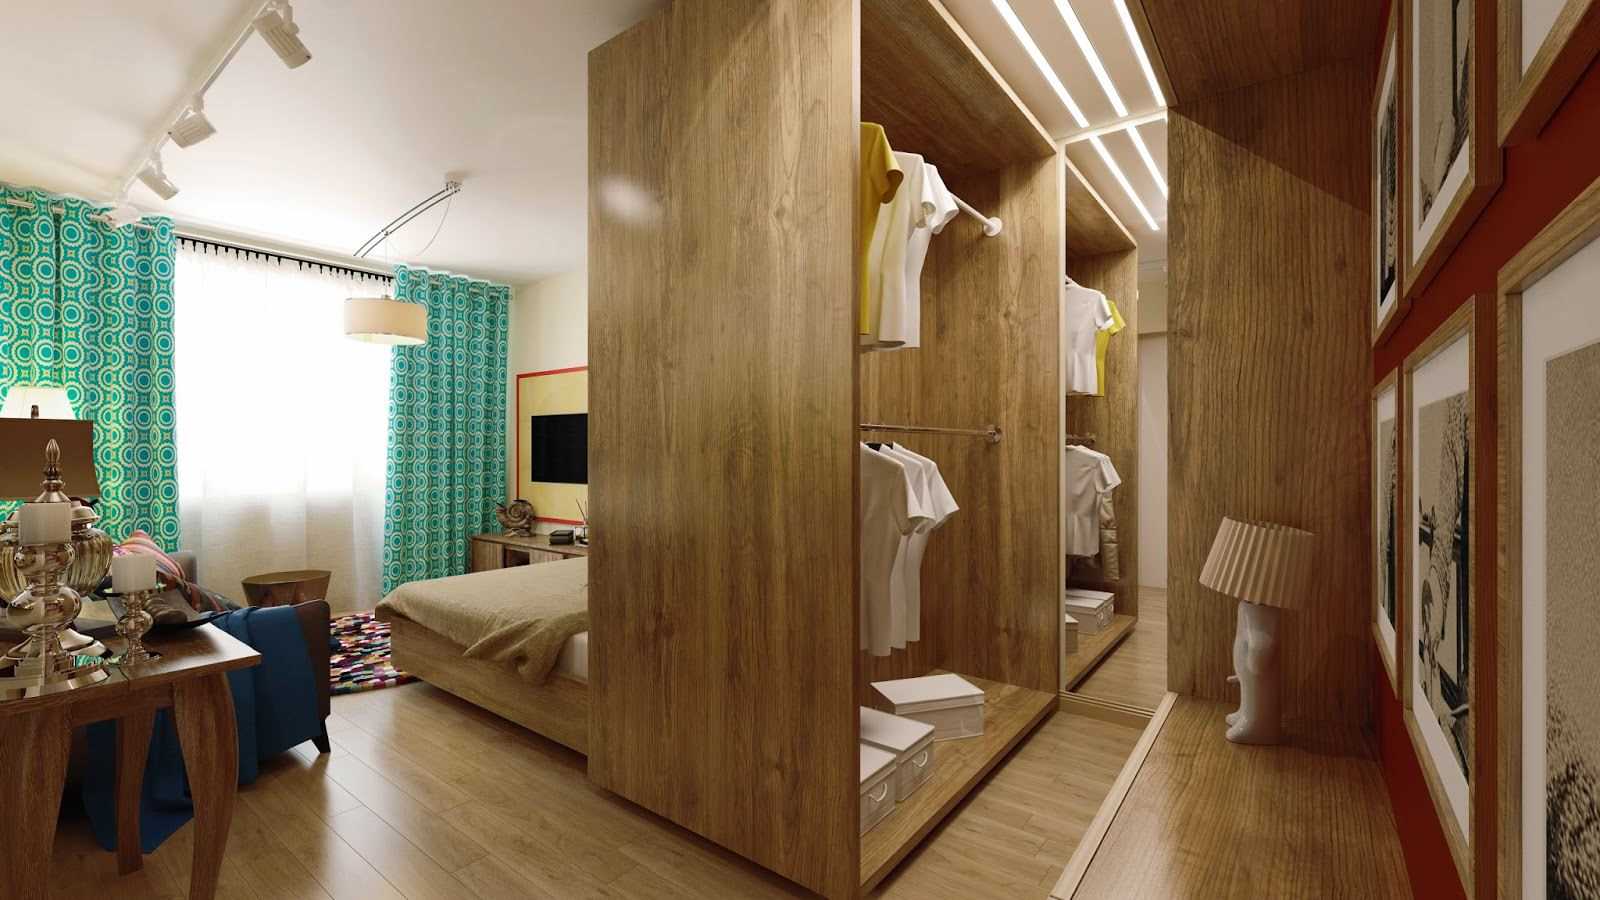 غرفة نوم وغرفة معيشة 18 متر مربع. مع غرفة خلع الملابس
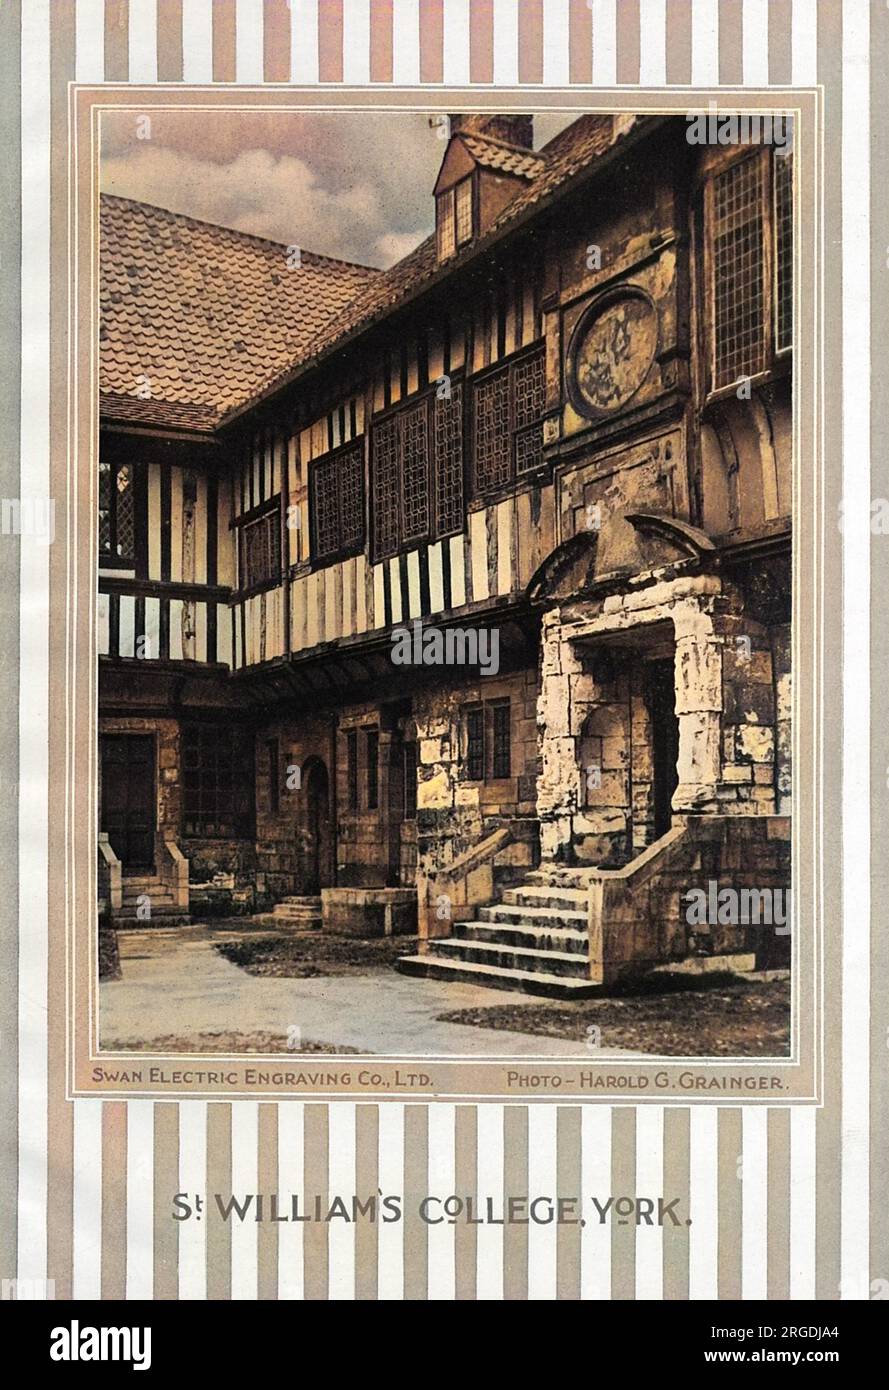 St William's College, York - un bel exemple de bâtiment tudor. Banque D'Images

---

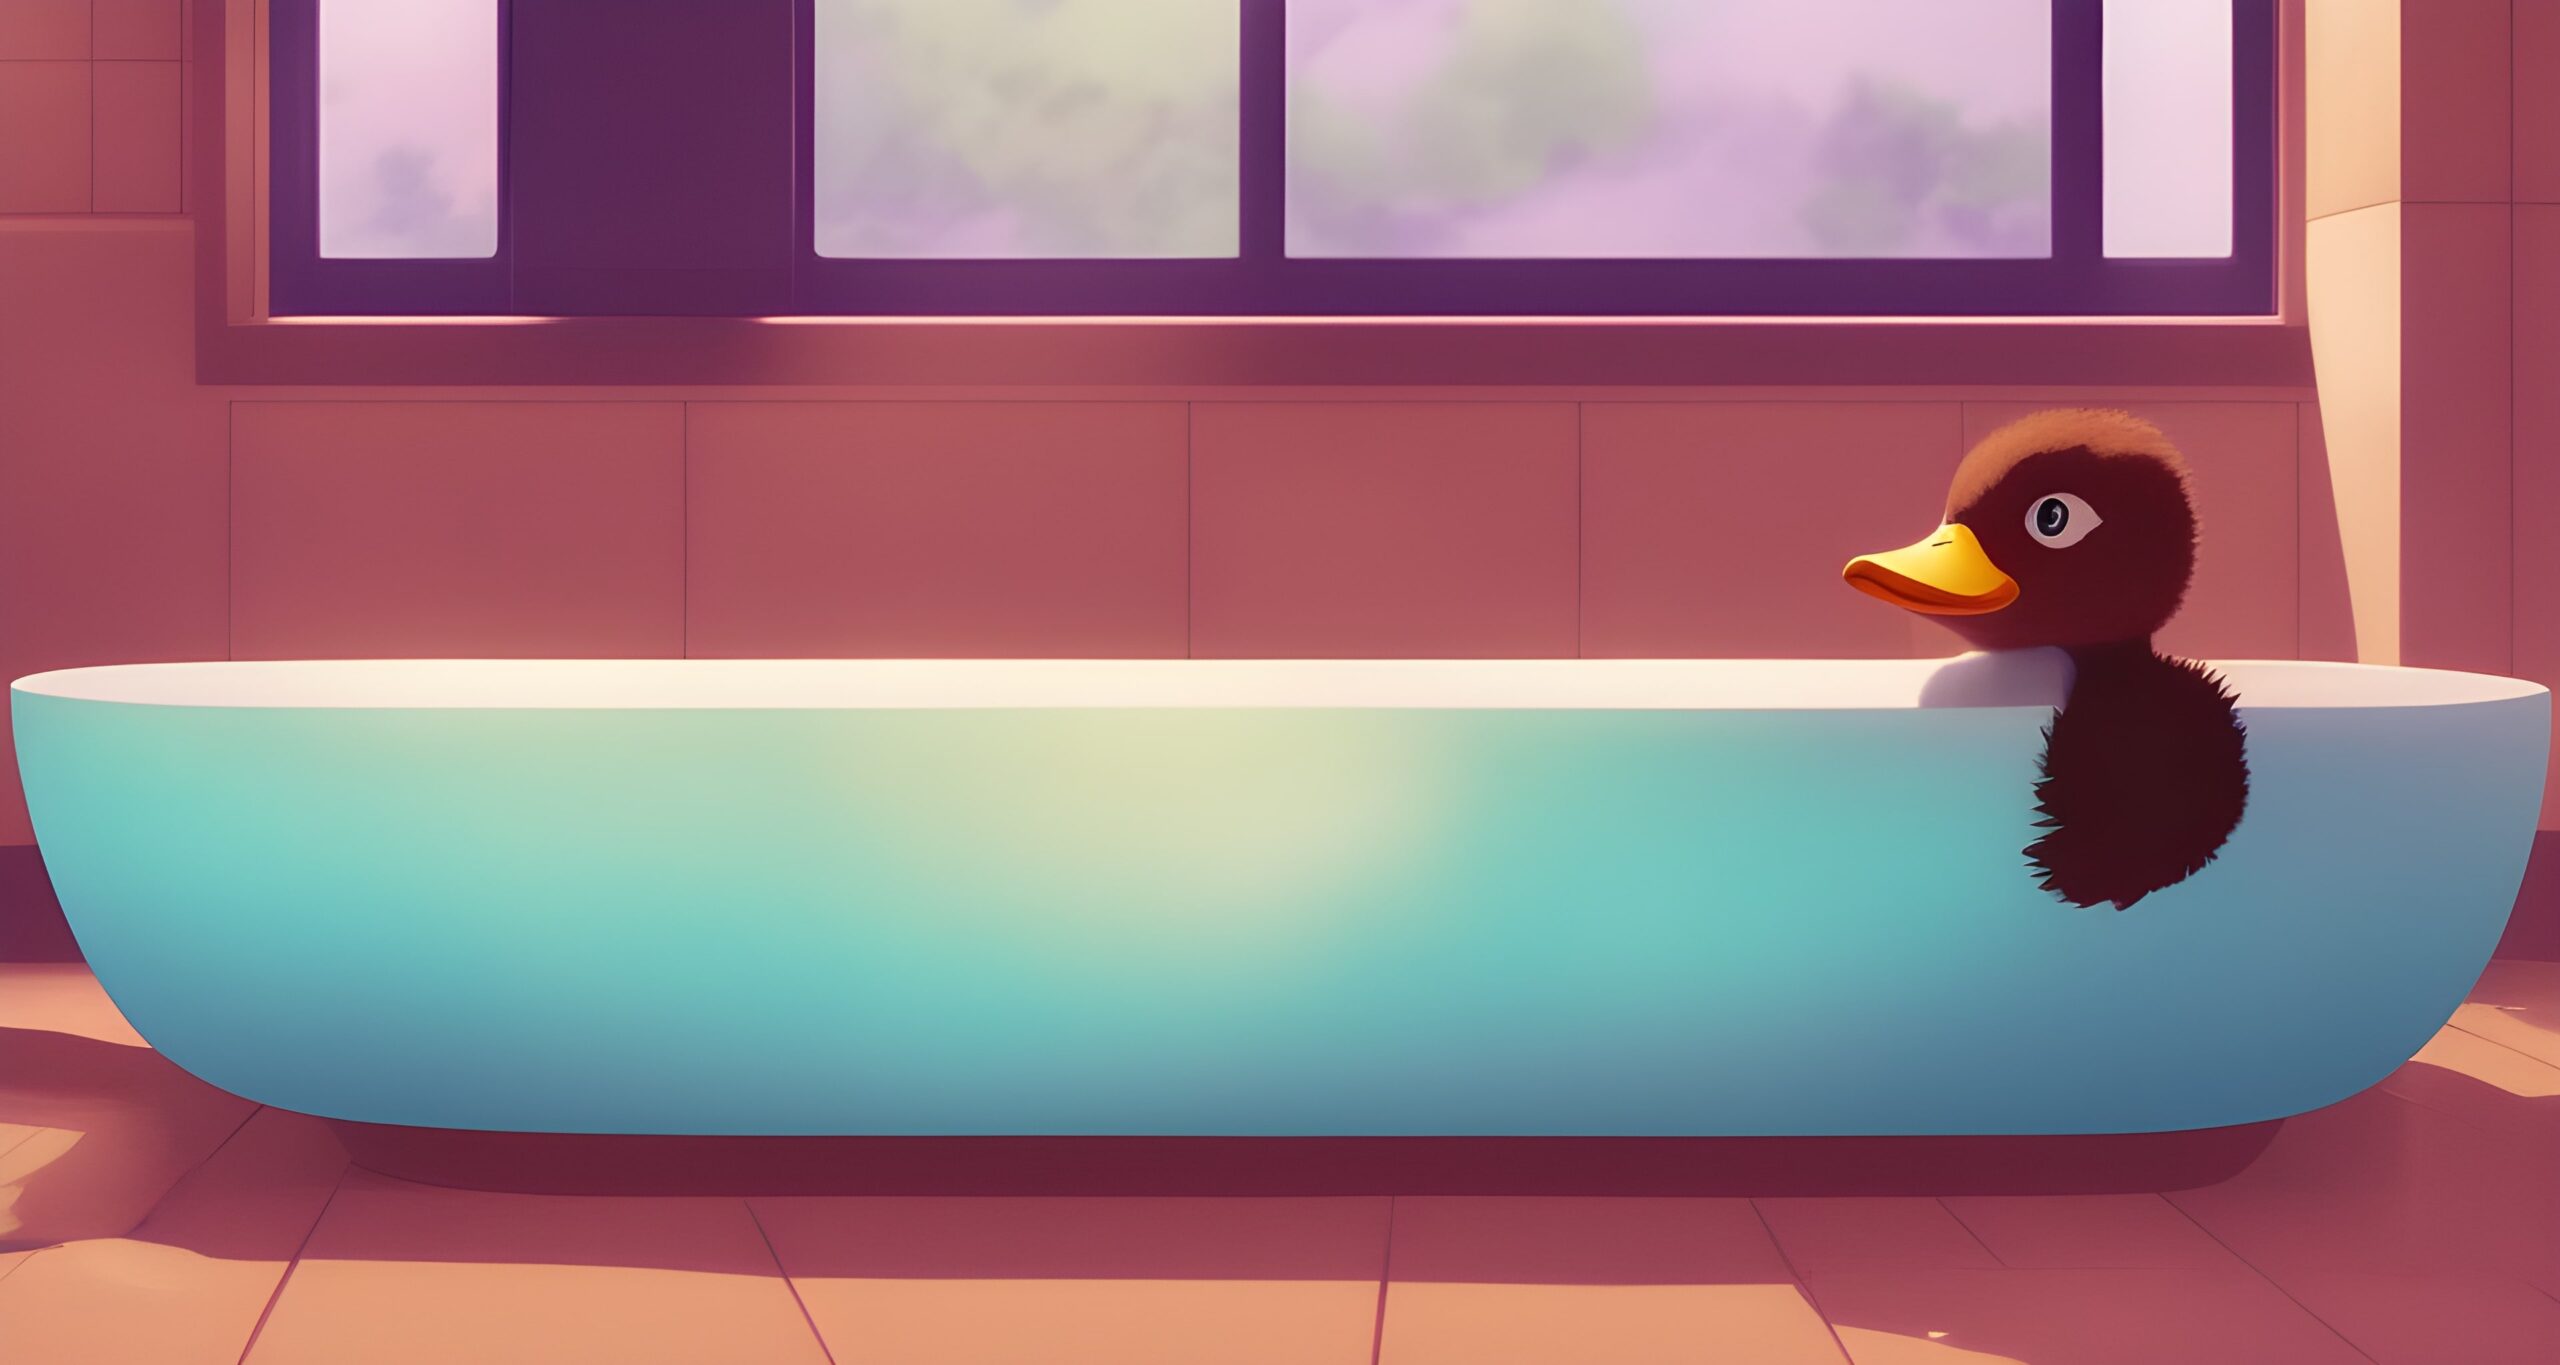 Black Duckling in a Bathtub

---

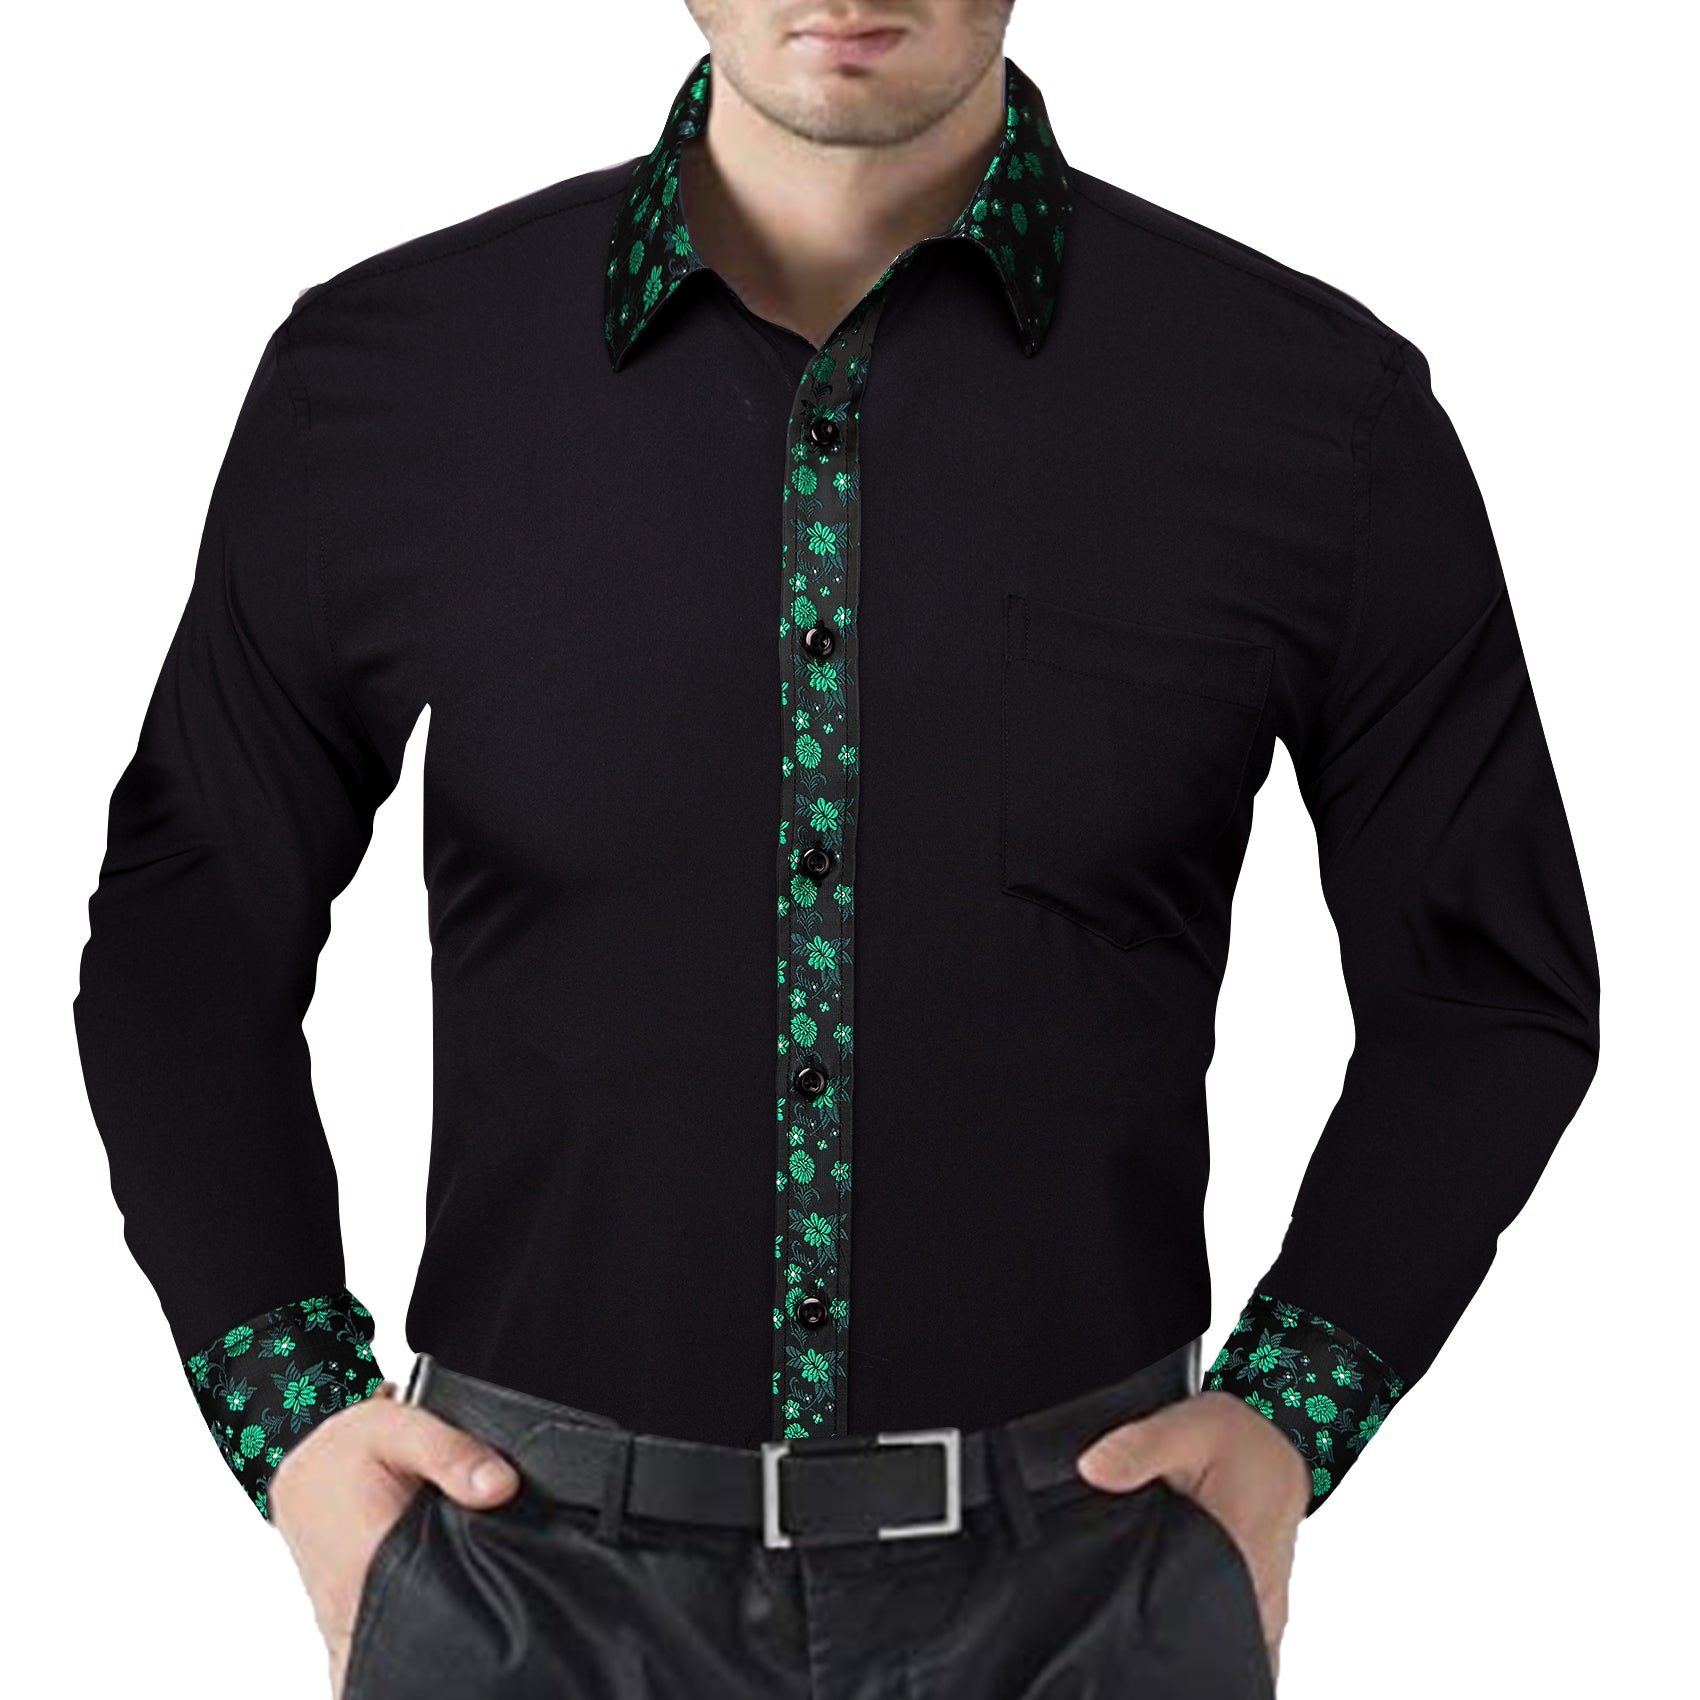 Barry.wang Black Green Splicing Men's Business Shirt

What to work on ->
The reply should hold exactly the lines above, starting at the line with "غرفة نوم وغرفة" and ending at the line with "St William's College, York", and no pictures.

Result of the task ->
 غرفة نوم وغرفة معيشة 18 متر مربع. مع غرفة خلع الملابس
 St William's College, York - un bel exemple de bâtiment tudor. Banque D'Images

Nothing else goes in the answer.